Kitty Velour (also known as the ‘Trap Queen’) is a stripper style pole dancer and exotic showgirl having developed her own style of movement which often includes twerking, pussy pops and split drops!

She has also won two national competitions and is renowned for her freestyle skills, raw sexual energy and stage presence. Kitty is a floorwhore specialist and teaches her dance workshops all over the country and the world!

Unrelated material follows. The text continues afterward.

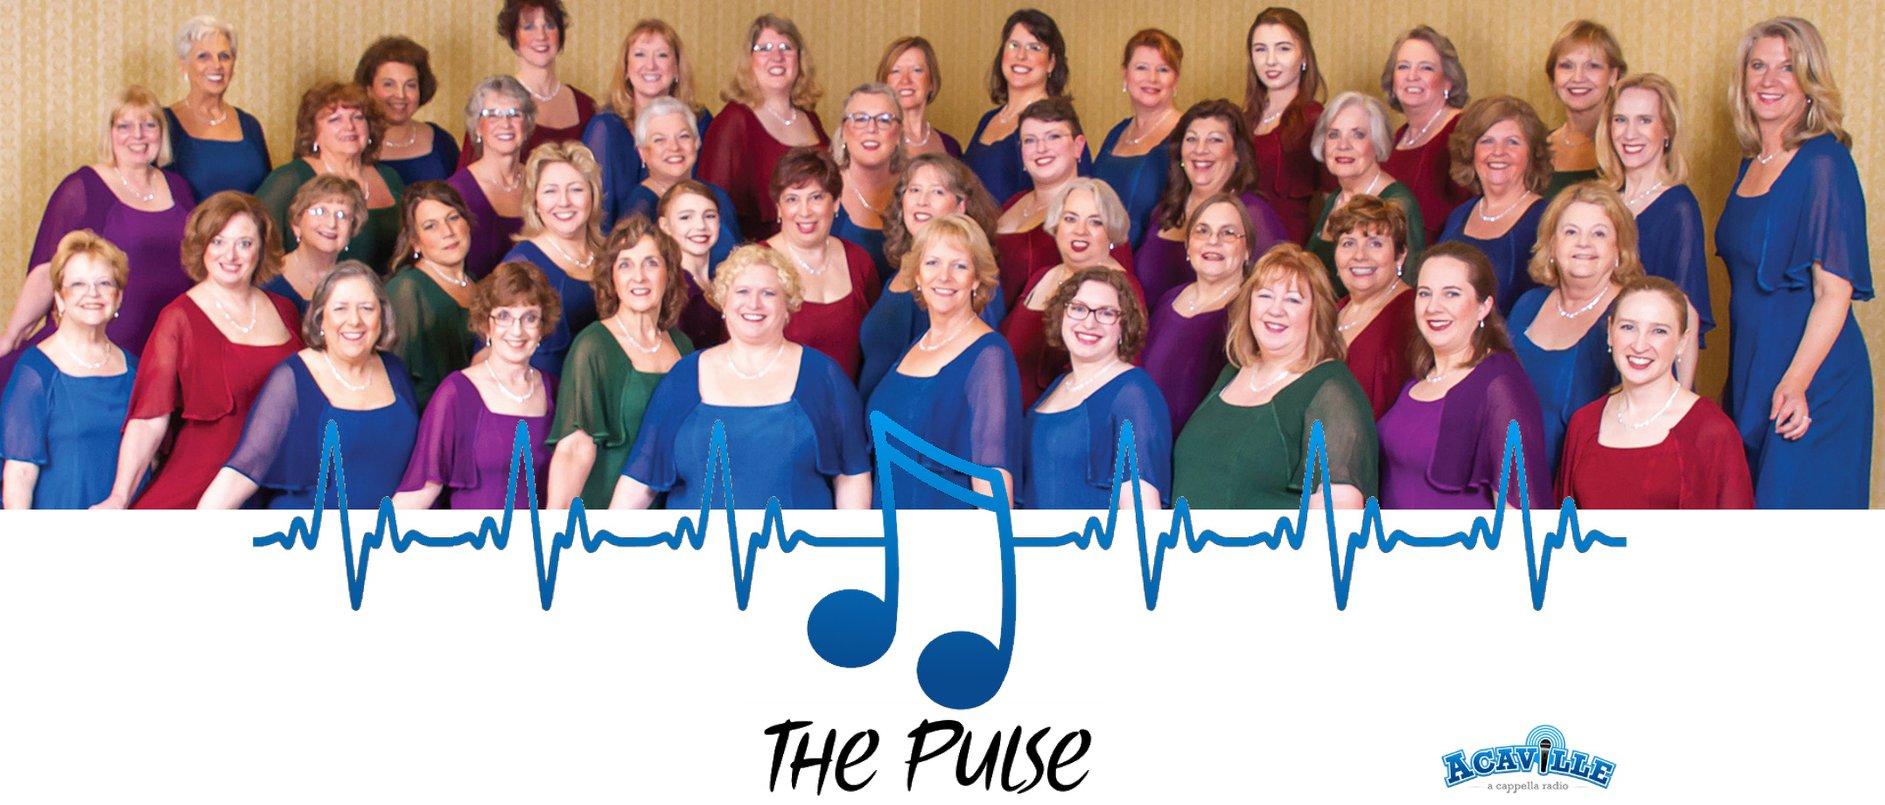 The Pulse - NEVIH

Find her on instagram HERE

Or Facebook HERE

Comments 1

  1. I really loved this article – which surprised me because I have no intention or desire to become a performer (pro or amateur). I was surprised I even read it (given how many other demands are being made on my time right now). But I’m glad I did as I think the article offers much more than advice about becoming a pro performer. It is packed full of good business sense and common sense (something a surprising number of people seem to be lacking). I think it will also serve to sort the pros from the hobbyists. And will reassure those who are struggling to make their mark in this (or indeed any other) industry that it requires passion and dedication. It can’t just be about making money.